In molecular biology this protein domain, refers to UbiD, which is found in prokaryotes, archaea and fungi, with two members in Archaeoglobus fulgidus. They are related to UbiD, a 3-octaprenyl-4-hydroxybenzoate carboxy-lyase from Escherichia coli that is involved in ubiquinone biosynthesis. The member from Helicobacter pylori has a C-terminal extension of just over 100 residues that is shared, in part, by the Aquifex aeolicus homologue.

Function
Ubiquinone is an essential electron carrier in prokaryotes.
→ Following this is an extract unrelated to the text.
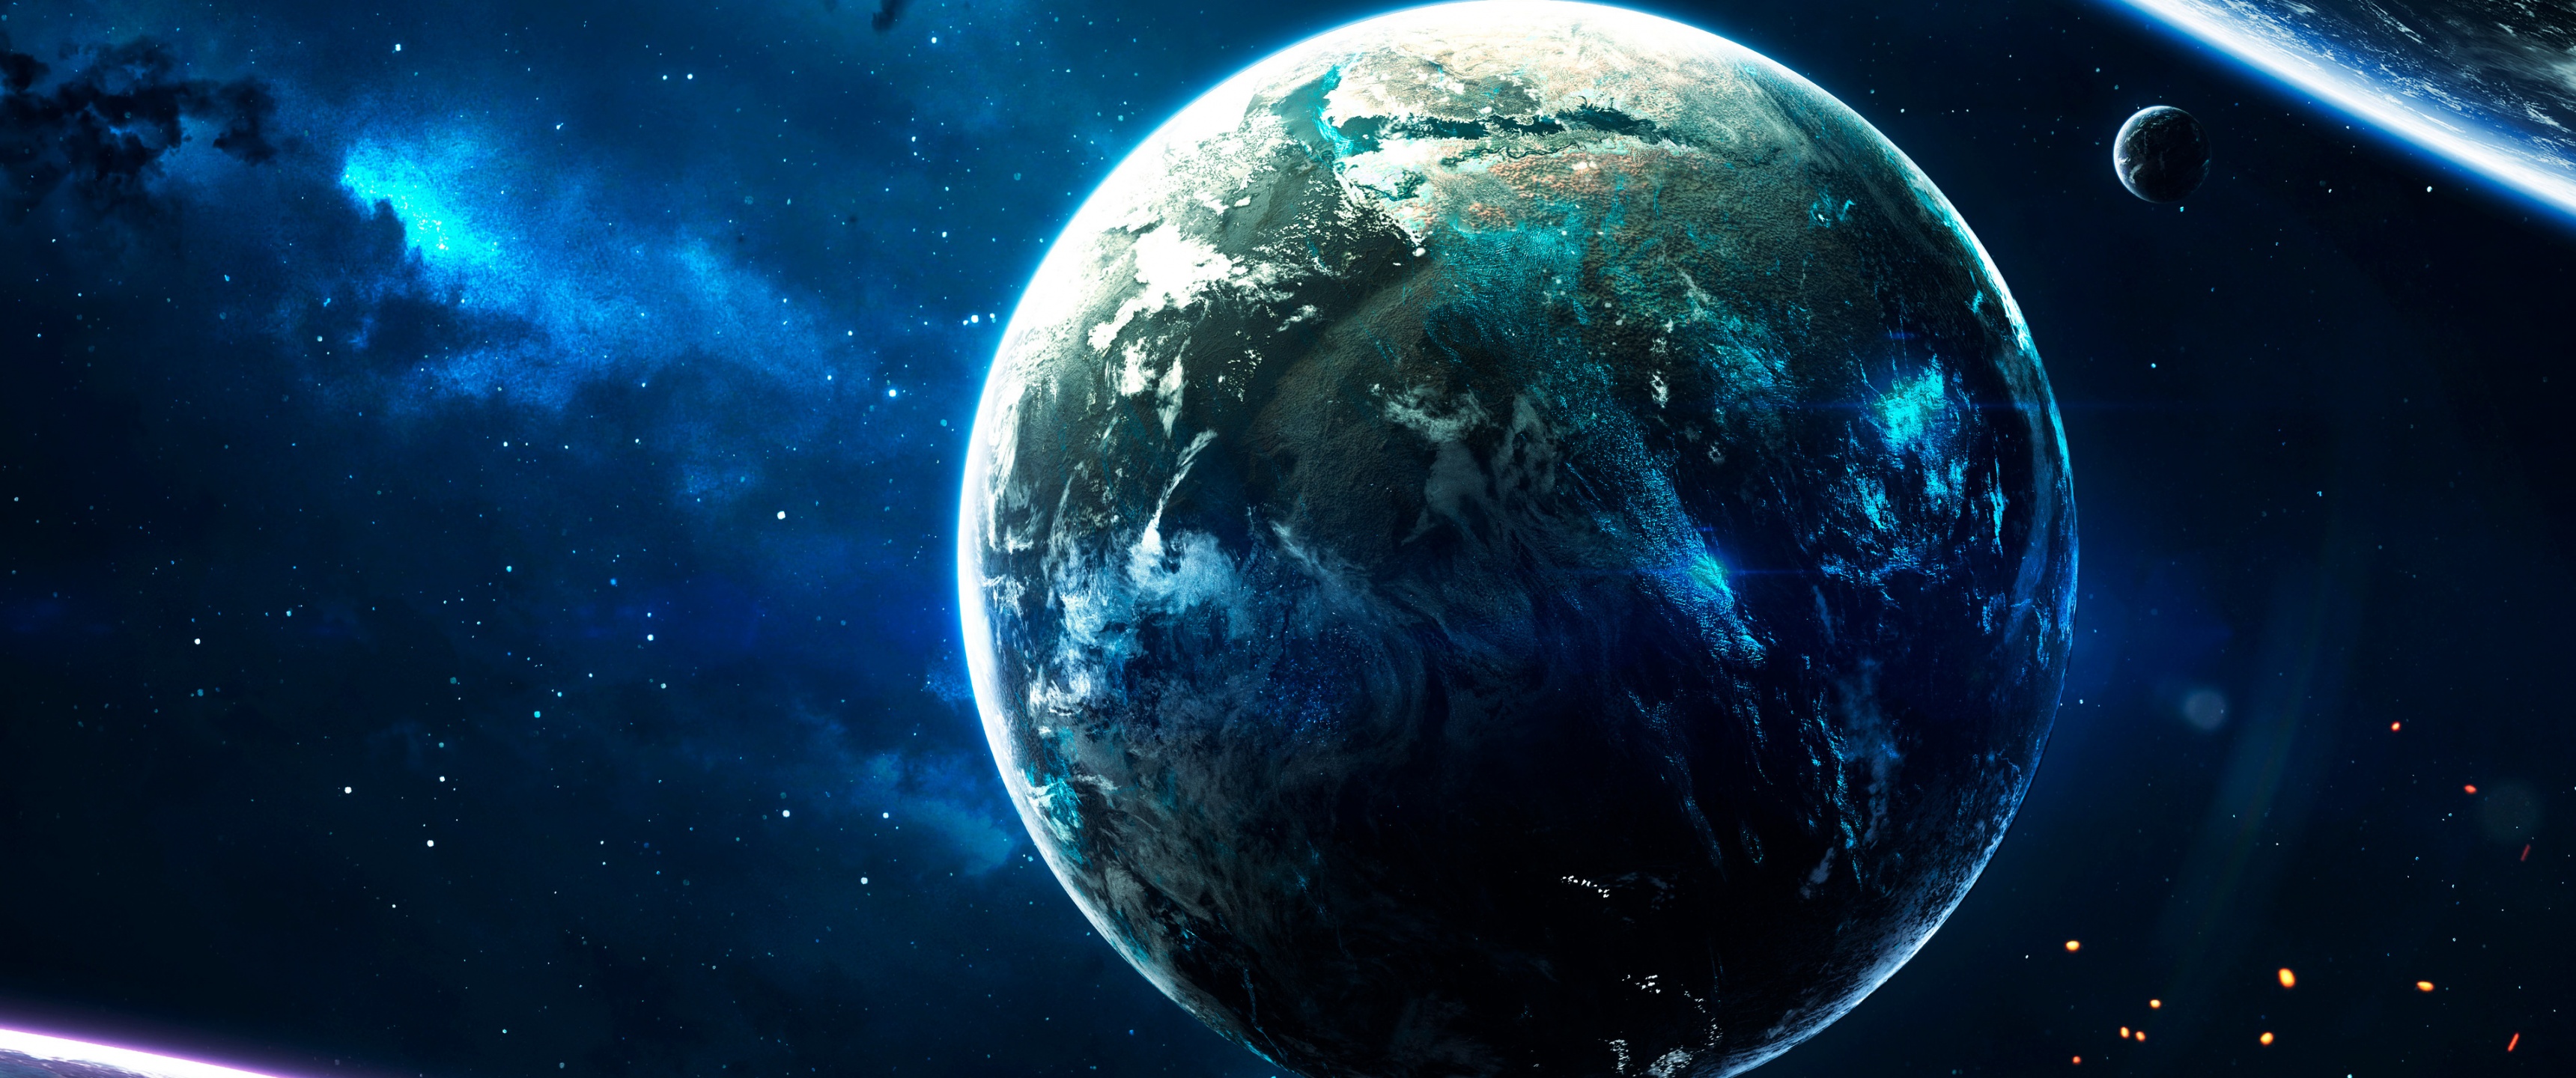 Earth Wallpaper 4K, Cosmos, Stars, Blue, Space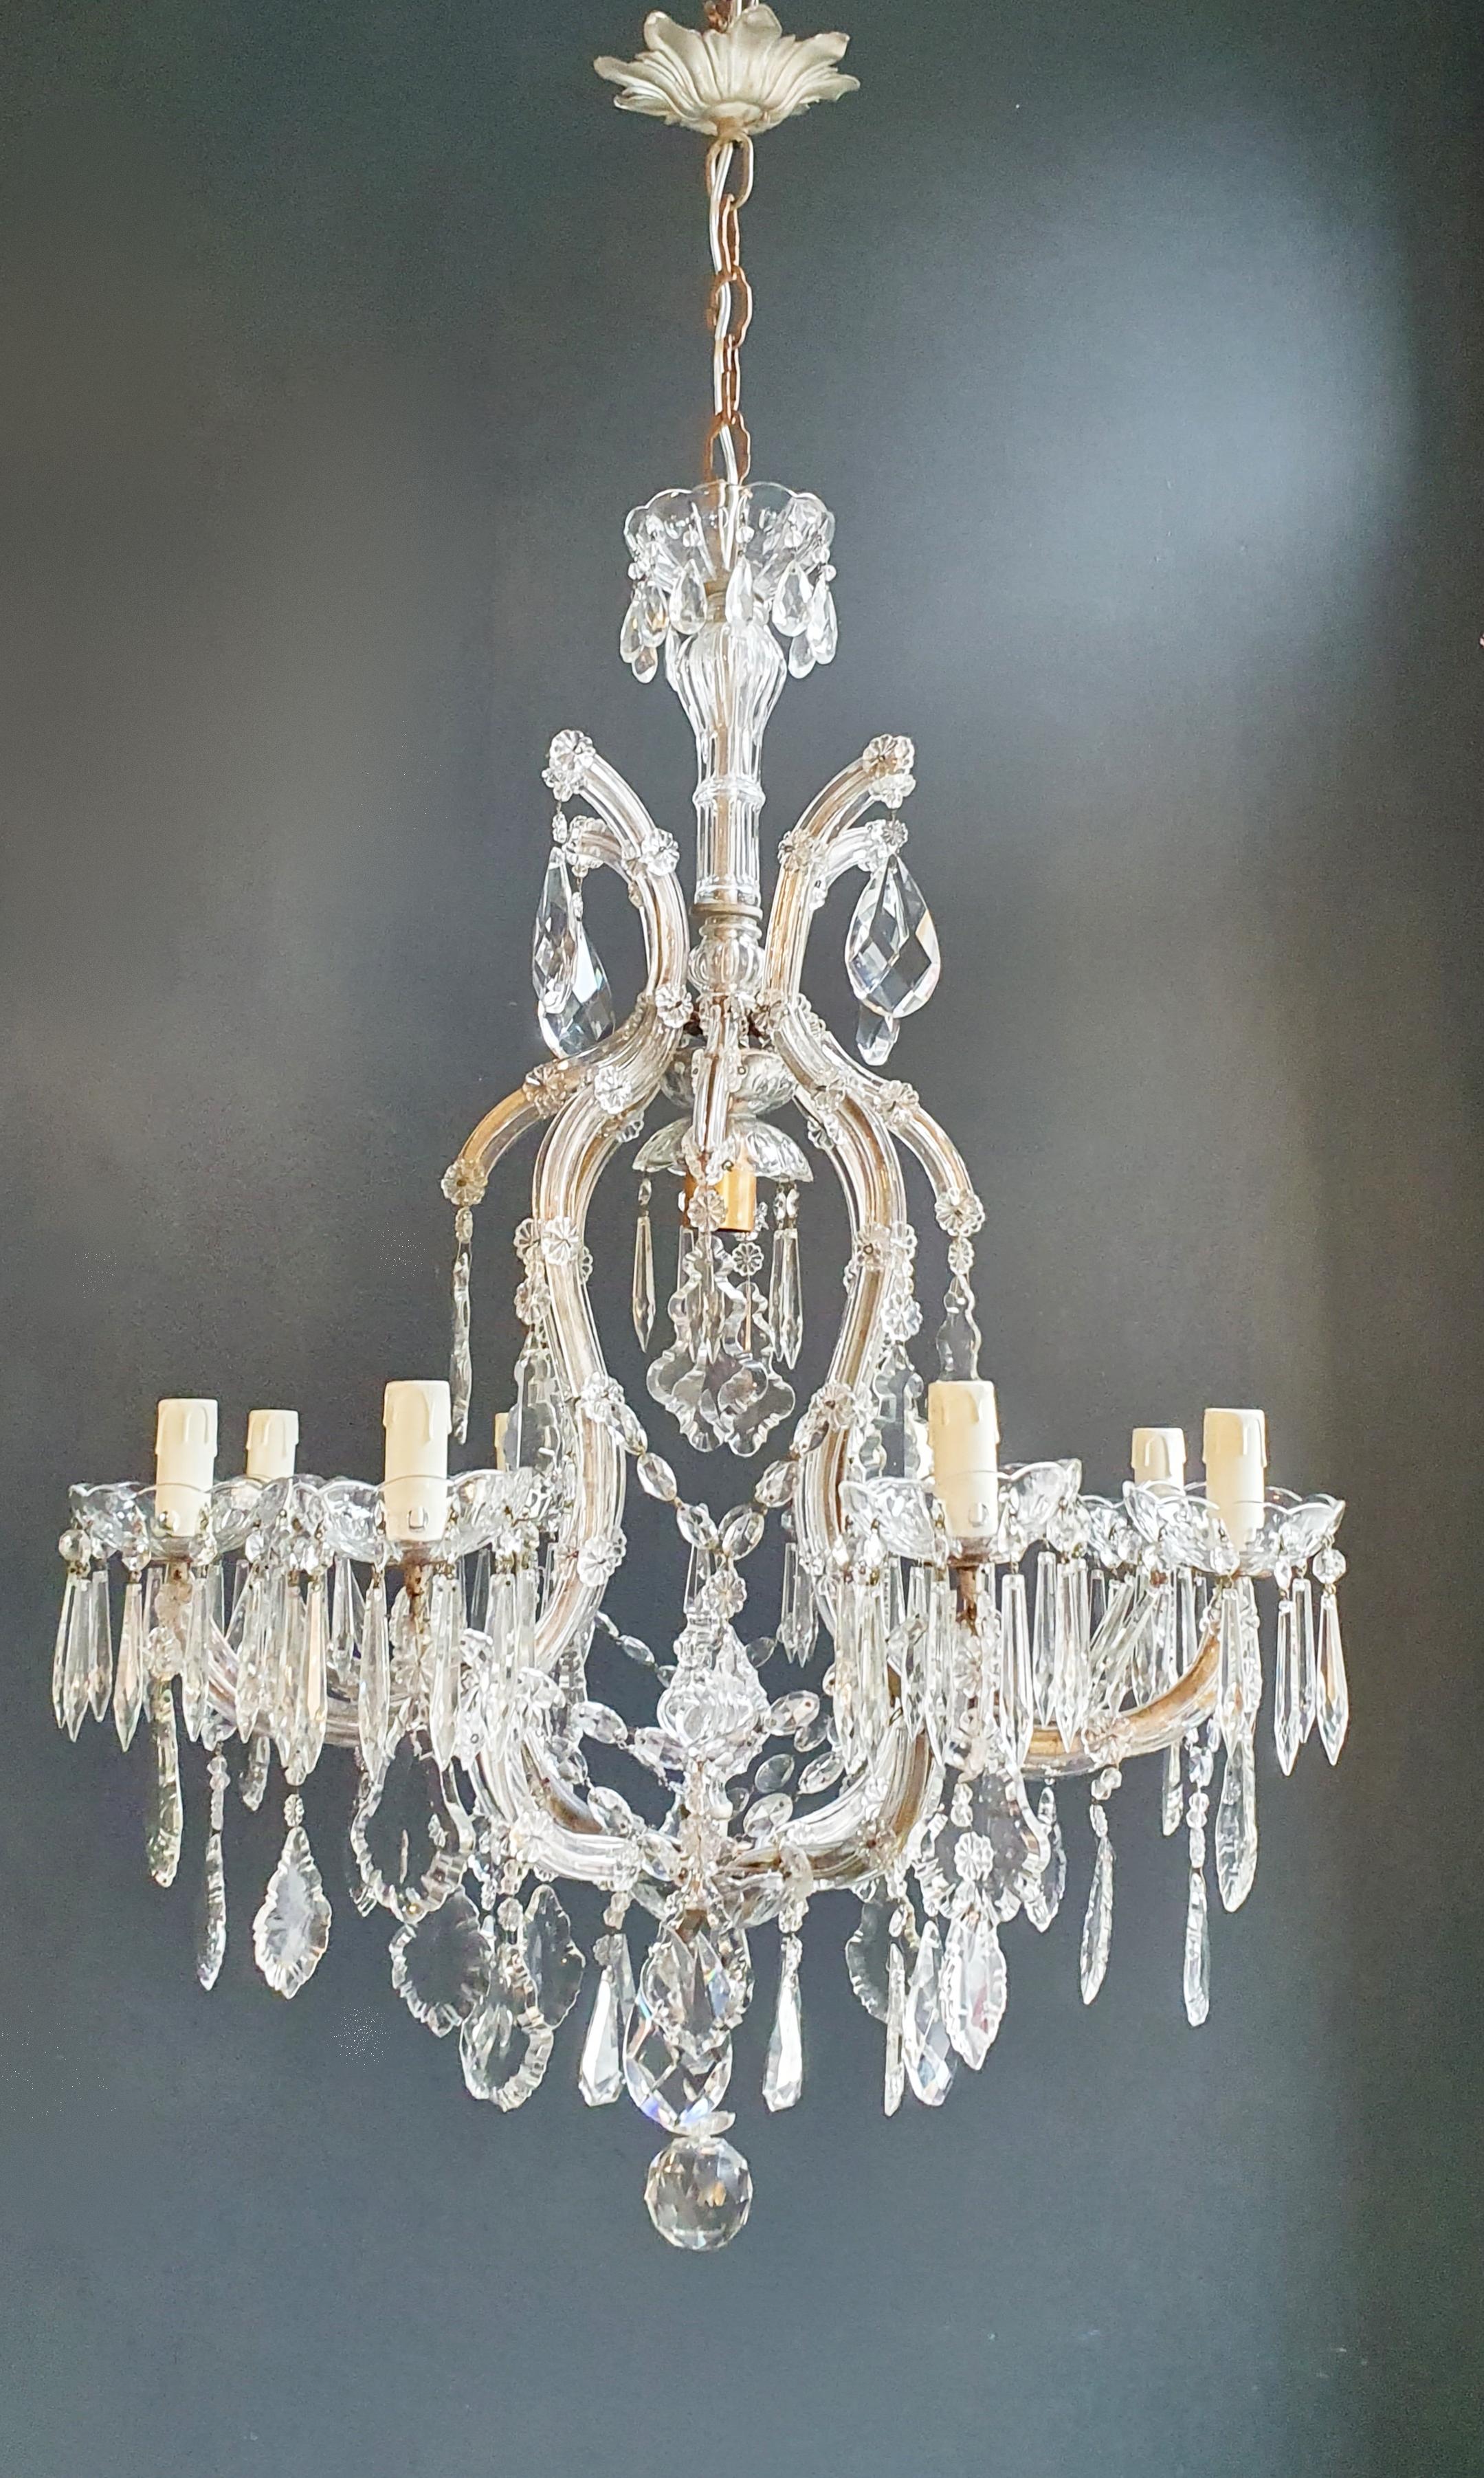 Baroque Maria Theresa Crystal Chandelier Antique Classic Clear Glass

In Escherichia coli, the Ubiquinone biosynthesis pathway involves at least nine reactions whereby 3-octaprenyl4-hydroxybenzoate
decarboxylase (UbiD) is an enzyme on the pathway which catalyses the conversion of  the substrate 3-octaprenyl-4-hydroxybenzoate to  the product, 2-octaprenyl phenol. E. coli ubiD- mutants have defects in Q8 biosynthesis, accumulate 4-hydroxy-3-octaprenylbenzoicacid (HP8B), and lack decarboxylase activity in vitro. However, E. coli ubiD- mutants retained the ability to produce about 20–25% of the normal levels of Q 4-hydroxy-3-octaprenylbenzoic acid. In essence, the protein domain, UbiD, is vital to creating ubiquinone, an essential electron carrier in the creation on energy.